## Exercise description
What you give must be the lines from the one containing "Petite matted album" through the last line of the listing below, exactly, with nothing else and no pictures.

## Supplied data
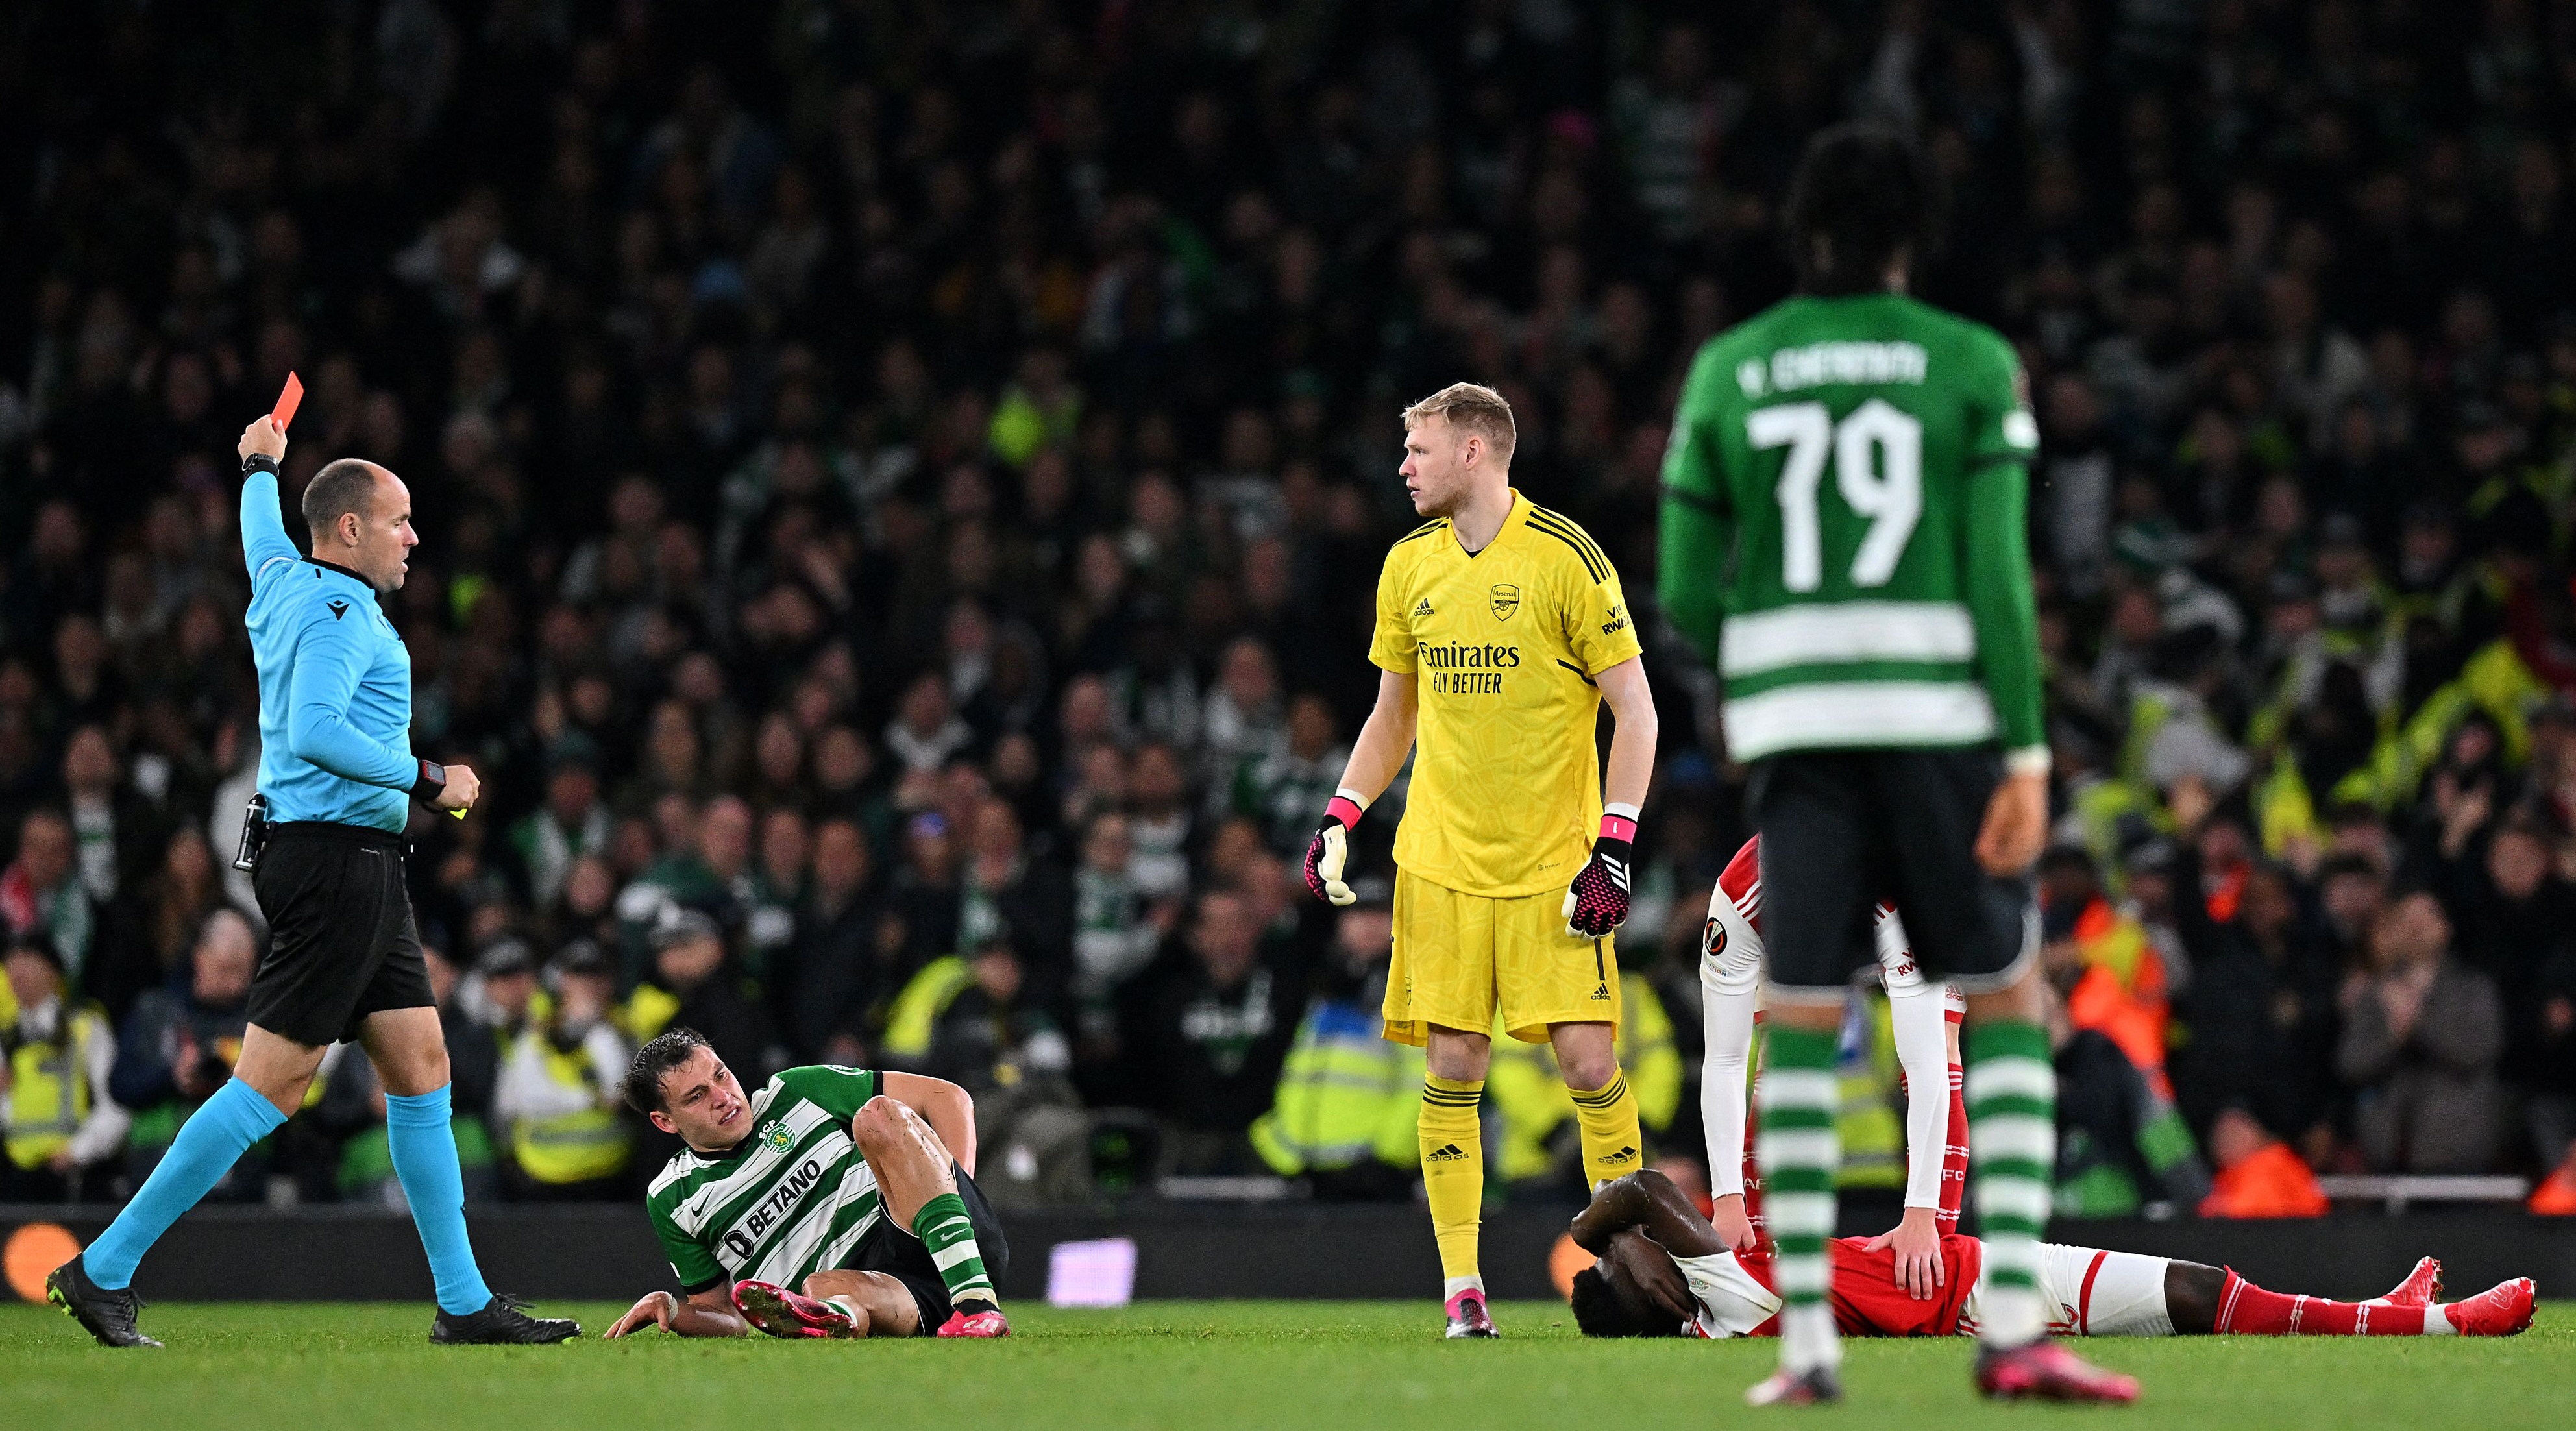 Referee Antonio Mateu Lahoz shows Manuel Ugarte of Sporting Lisbon a second yellow card for a foul on Bukayo Saka of Arsenal during the UEFA Europa League last 16 second leg match between Arsenal and Sporting Lisbon at the Emirates Stadium on March 17, 2023 in London, United Kingdom.
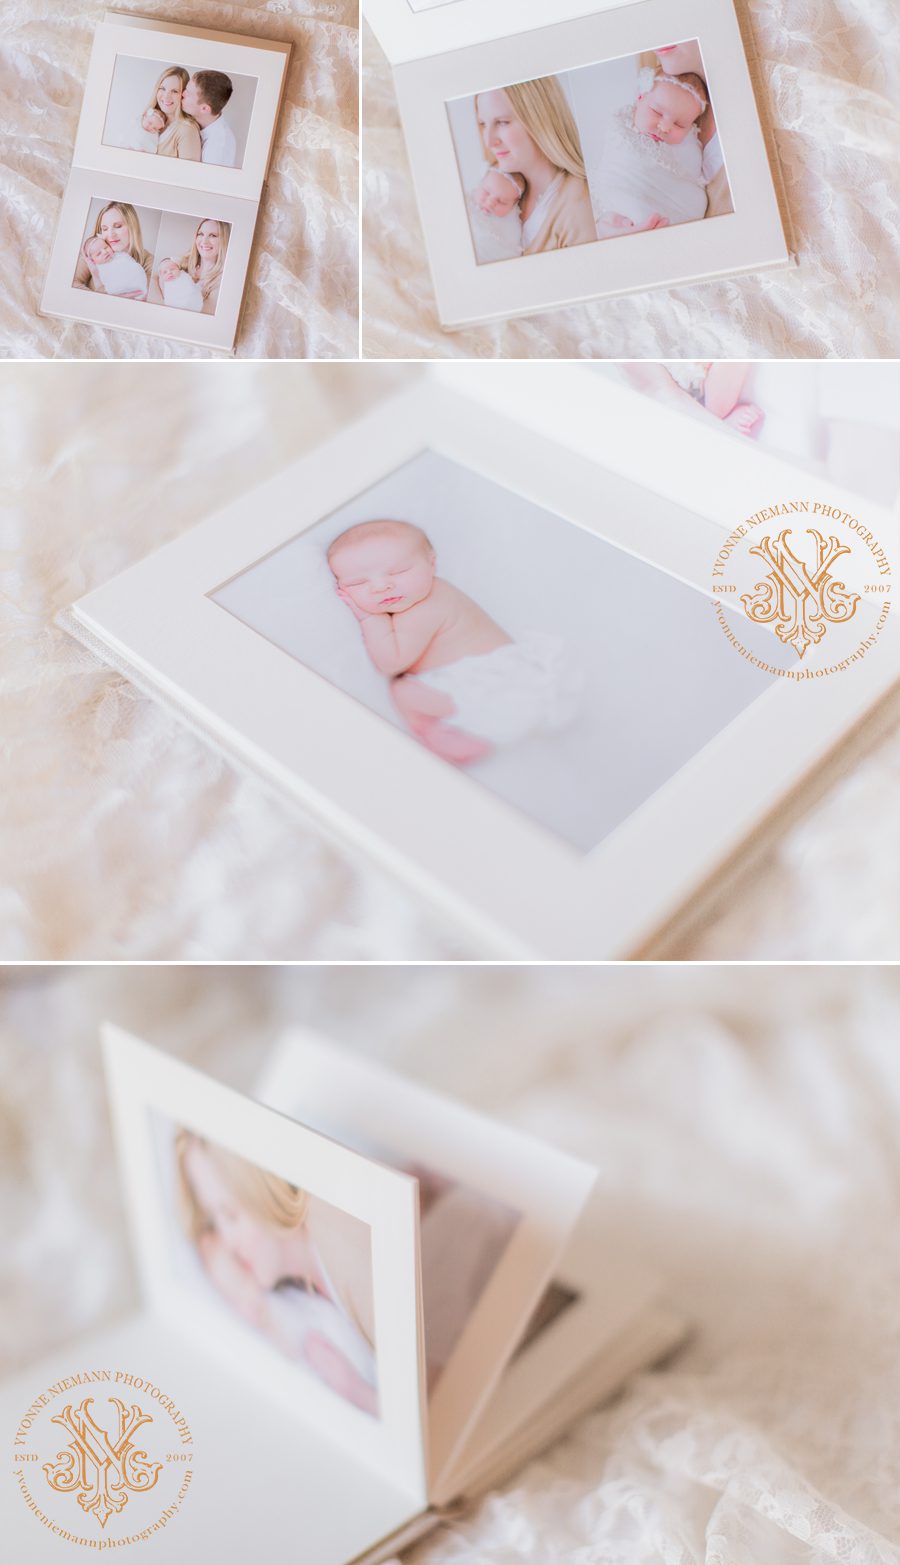 Petite matted album of newborn photos offered by Athens, GA baby photographer, Yvonne Niemann.
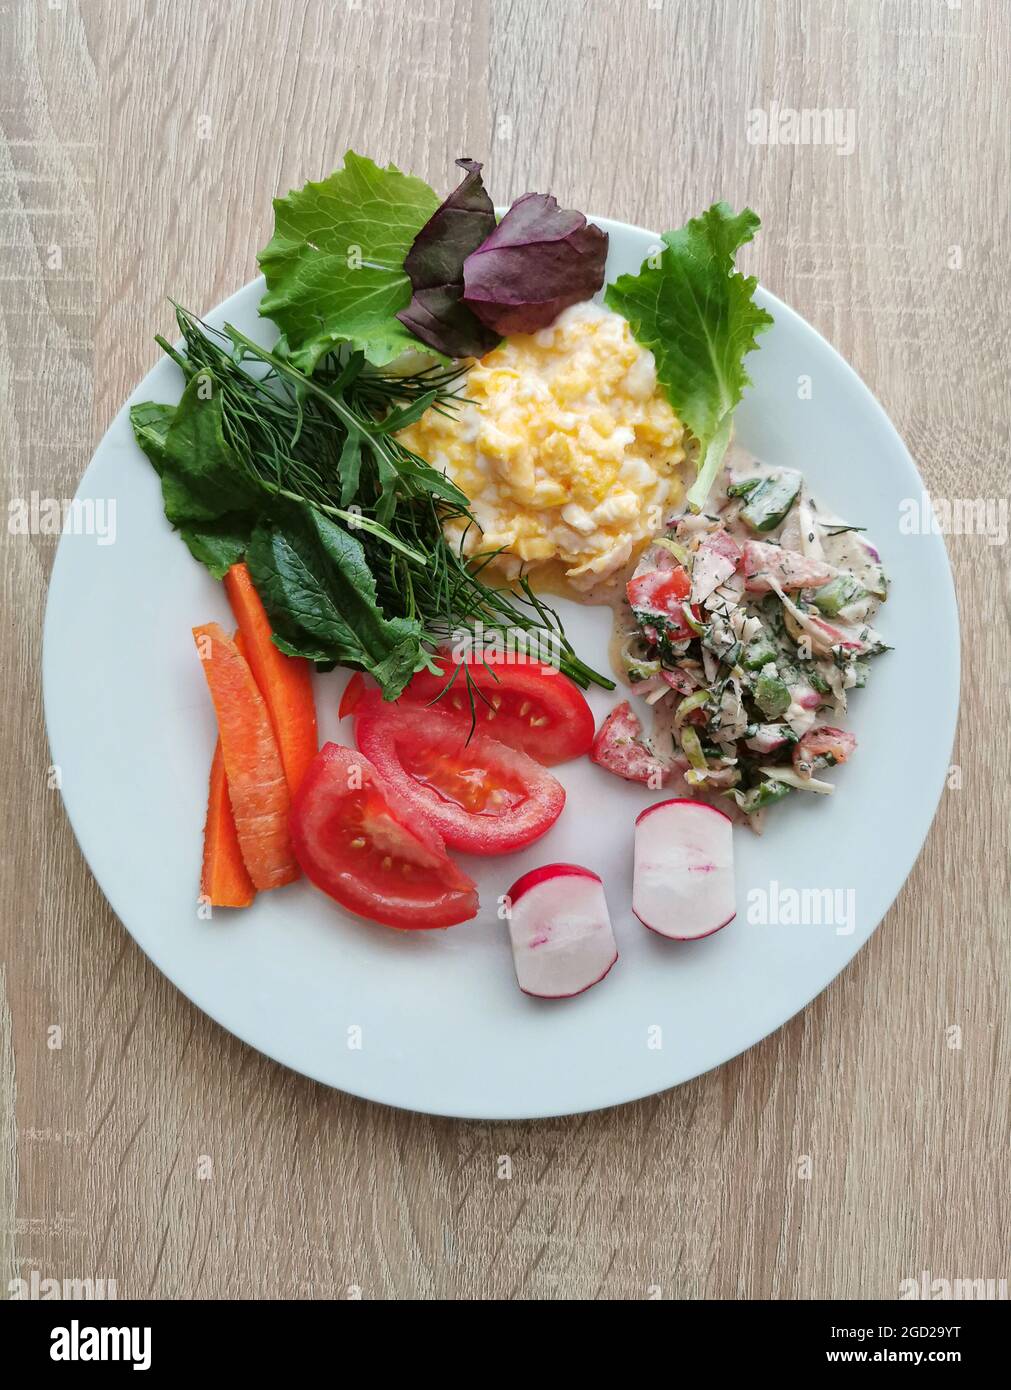 A healthy and balanced breakfast. Scrambled eggs, tomato, carrot, radish, salad, green leaves of fresh vegetables Stock Photo

## Reply
 Petite matted album of newborn photos offered by Athens, GA baby photographer, Yvonne Niemann.
 A healthy and balanced breakfast. Scrambled eggs, tomato, carrot, radish, salad, green leaves of fresh vegetables Stock Photo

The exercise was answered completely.